GIVEN DATA »
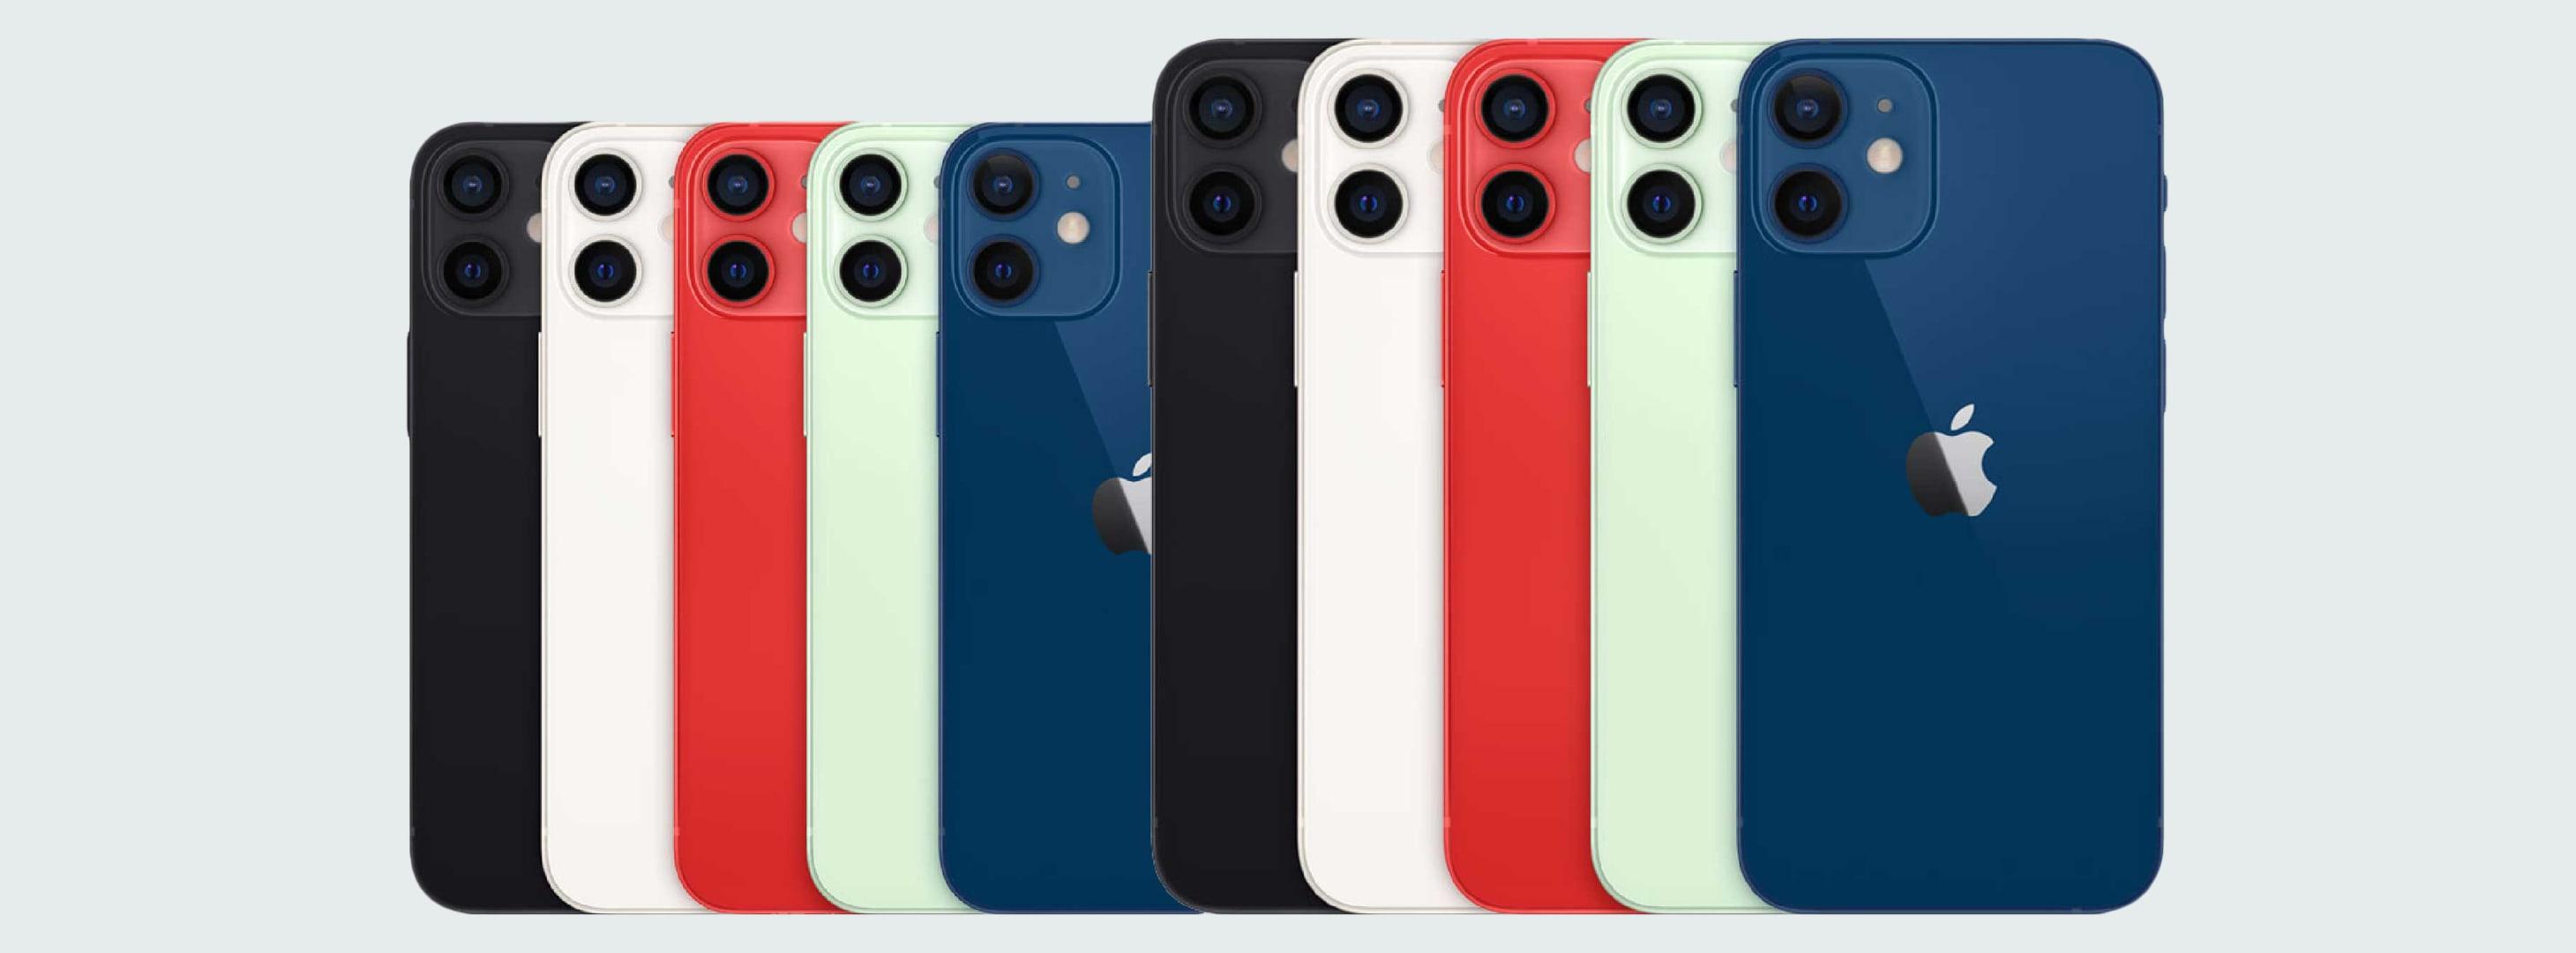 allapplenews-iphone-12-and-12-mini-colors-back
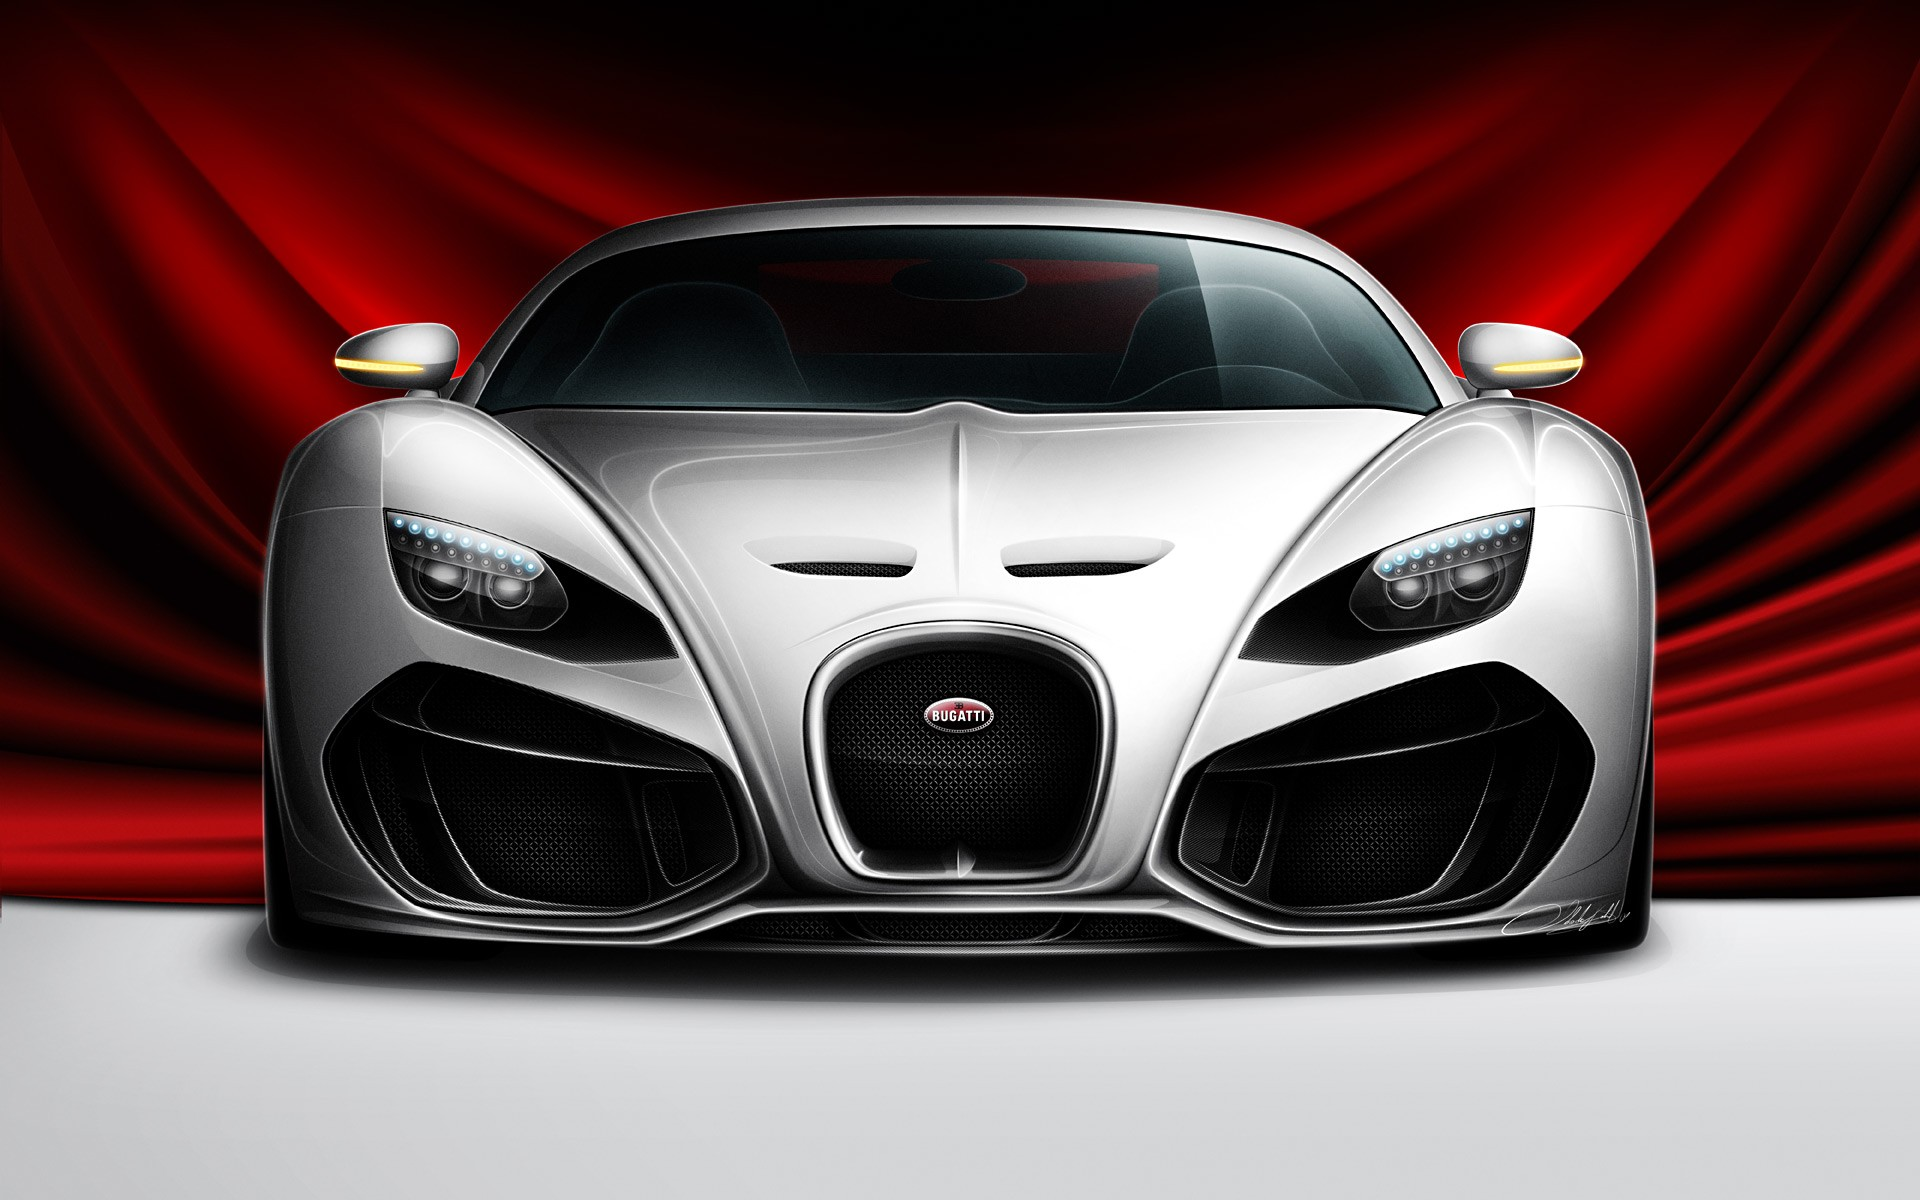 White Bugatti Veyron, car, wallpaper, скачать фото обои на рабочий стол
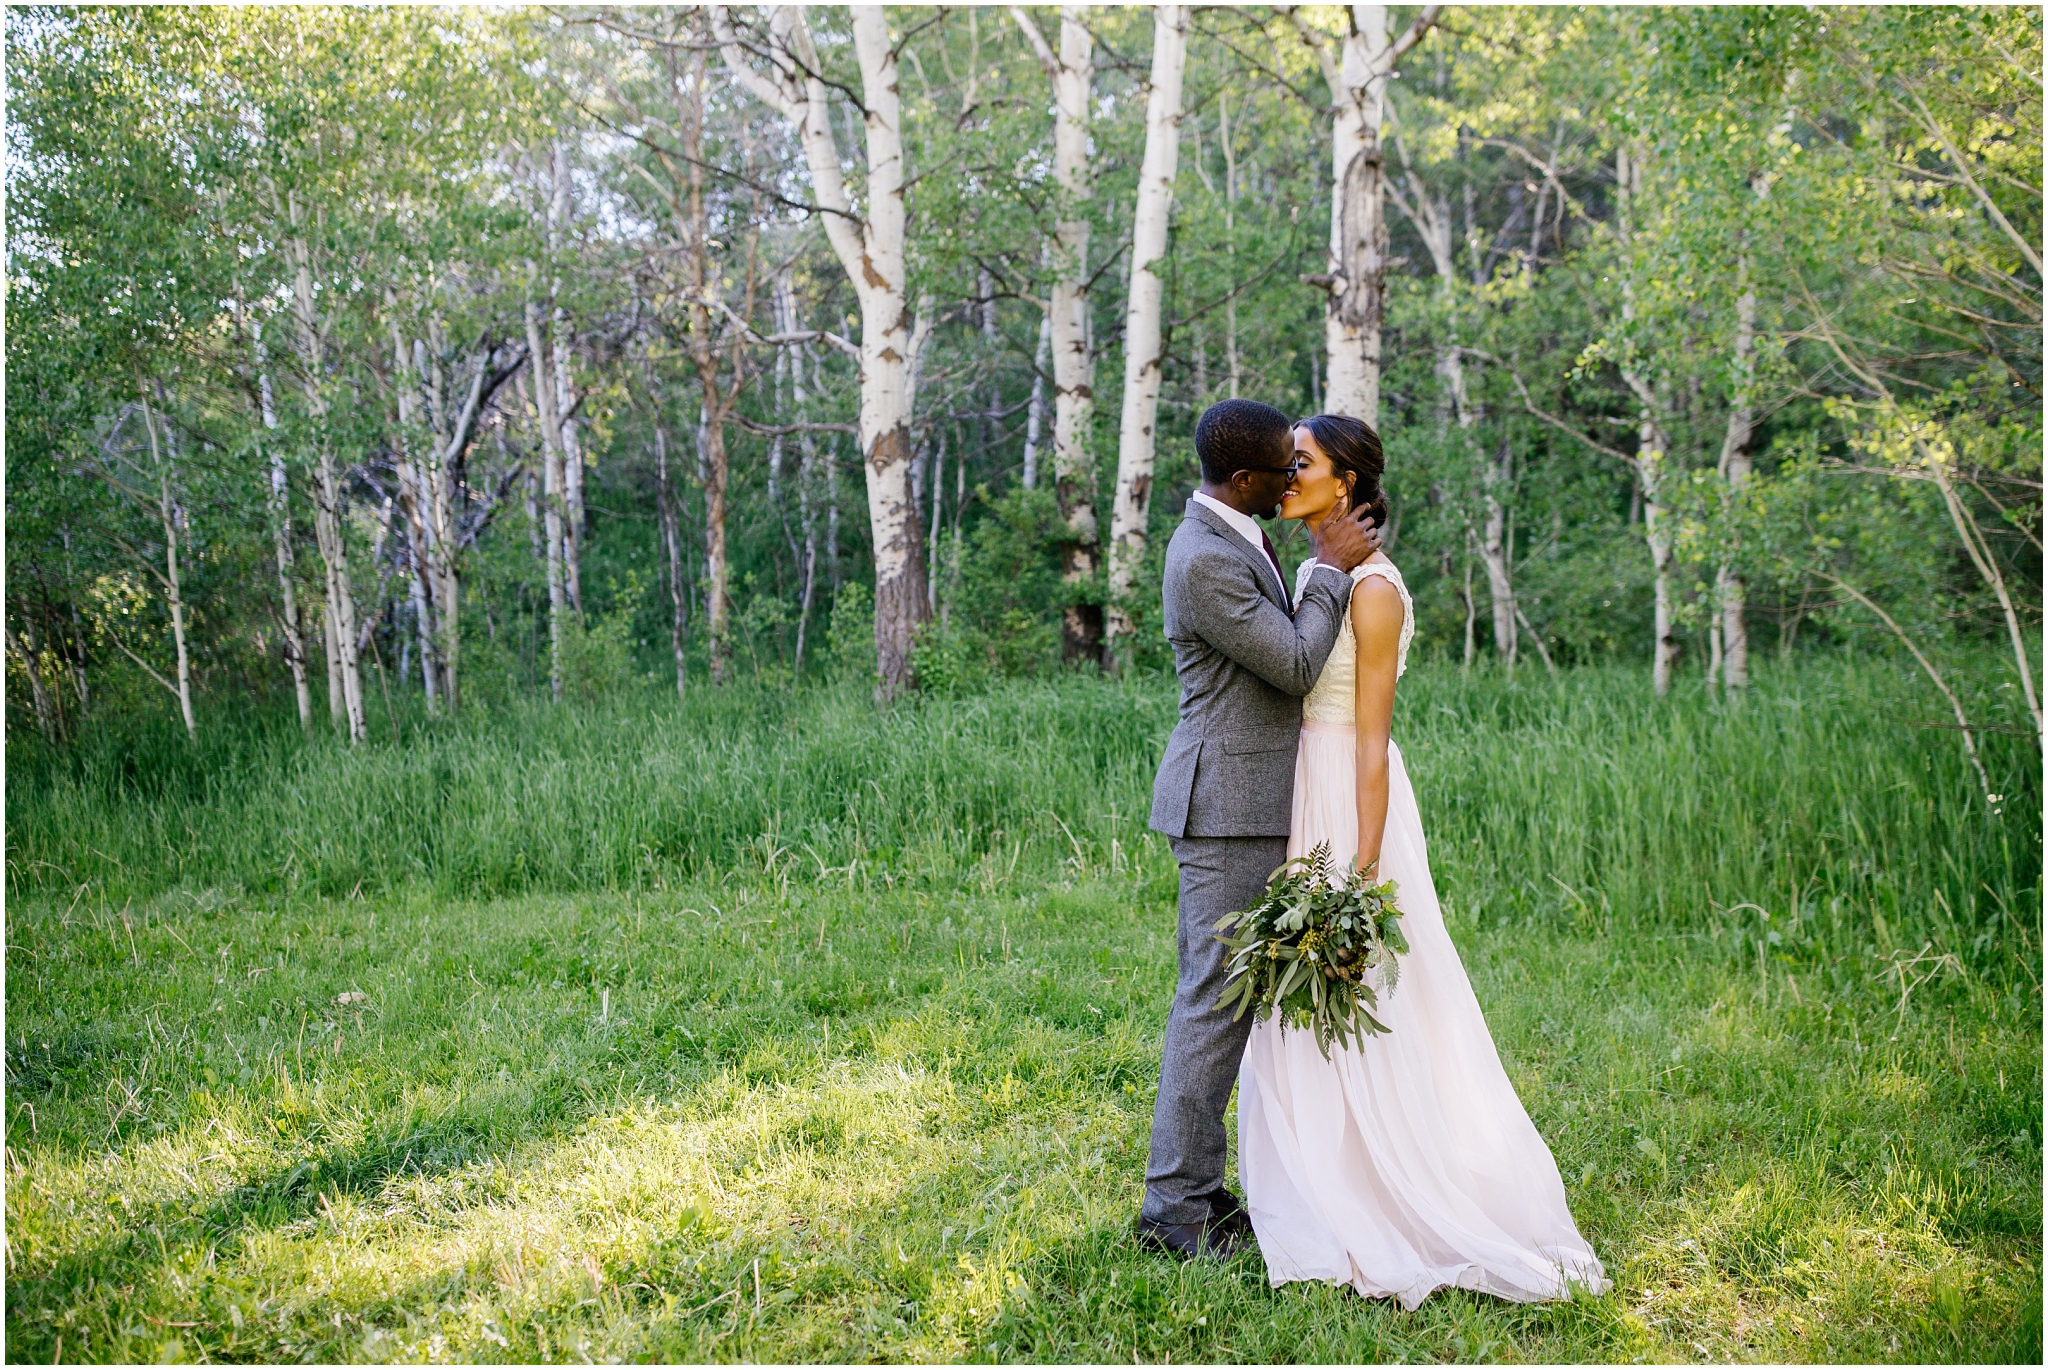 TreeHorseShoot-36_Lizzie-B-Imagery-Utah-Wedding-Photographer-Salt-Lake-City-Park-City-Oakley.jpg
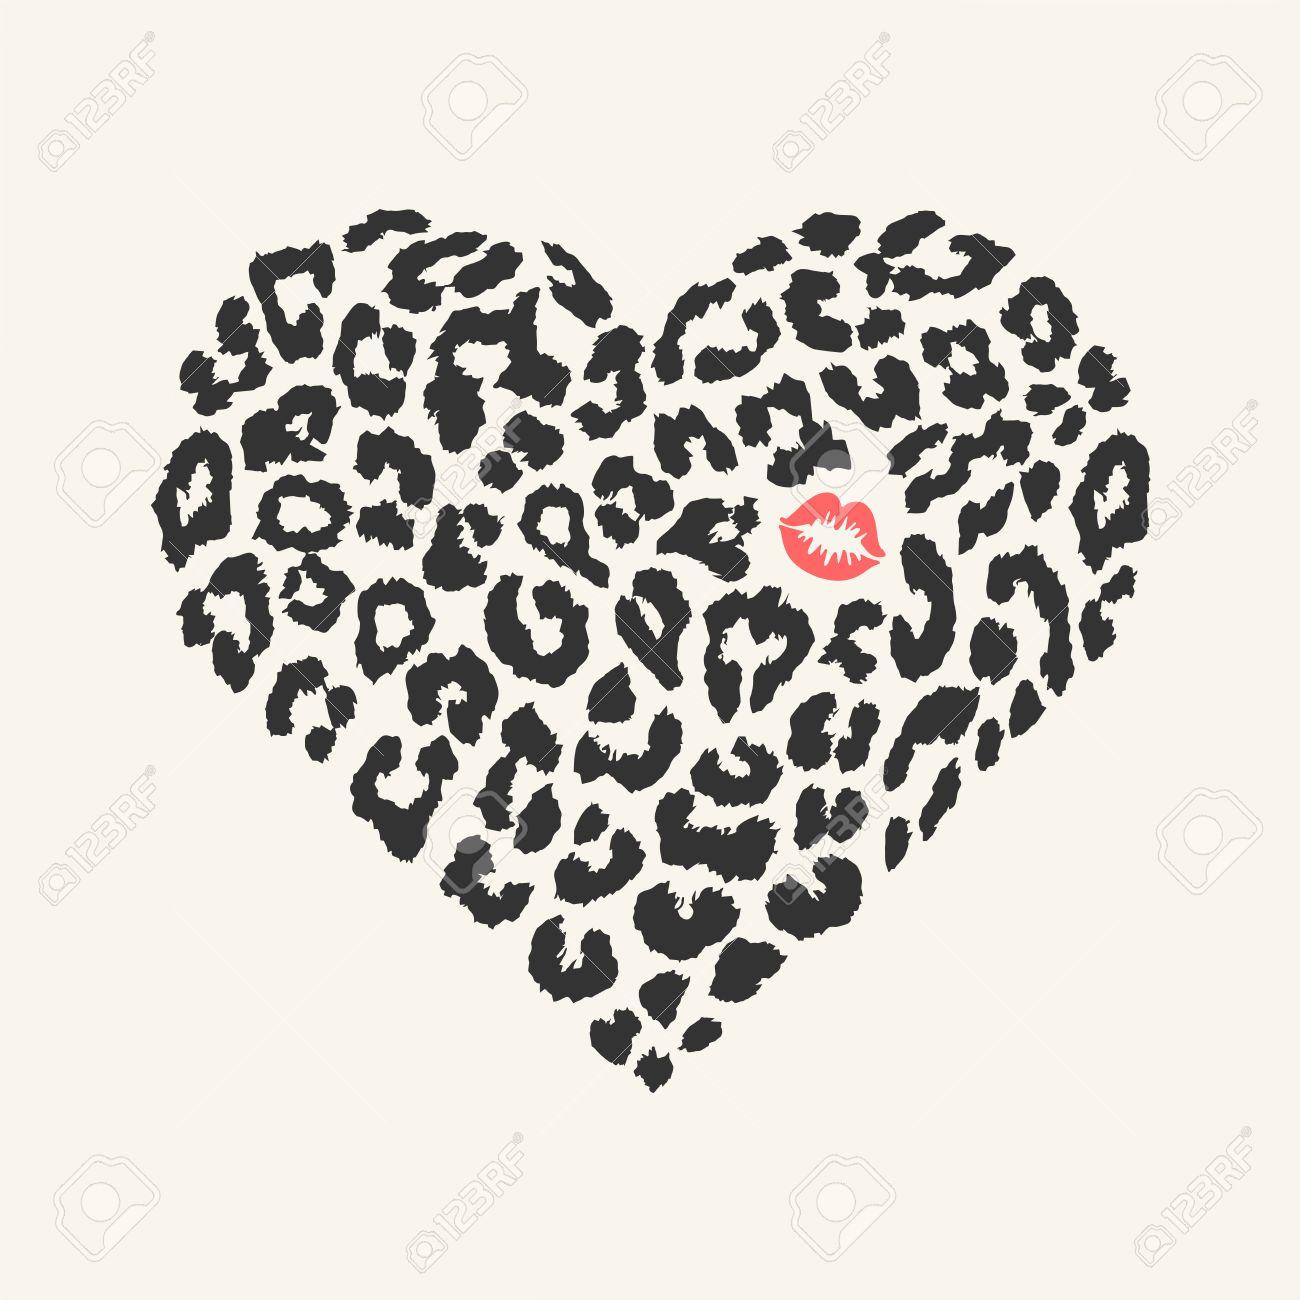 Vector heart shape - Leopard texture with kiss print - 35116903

WHAT THIS TASK INVOLVES » Copy the line showing "White Bugatti Veyron, car, wallpaper, скачать" exactly, along with each line after it through the end of the material above. Pictures stay out.

EXERCISE OUTPUT »
 White Bugatti Veyron, car, wallpaper, скачать фото обои на рабочий стол
 TreeHorseShoot-36_Lizzie-B-Imagery-Utah-Wedding-Photographer-Salt-Lake-City-Park-City-Oakley.jpg
 Vector heart shape - Leopard texture with kiss print - 35116903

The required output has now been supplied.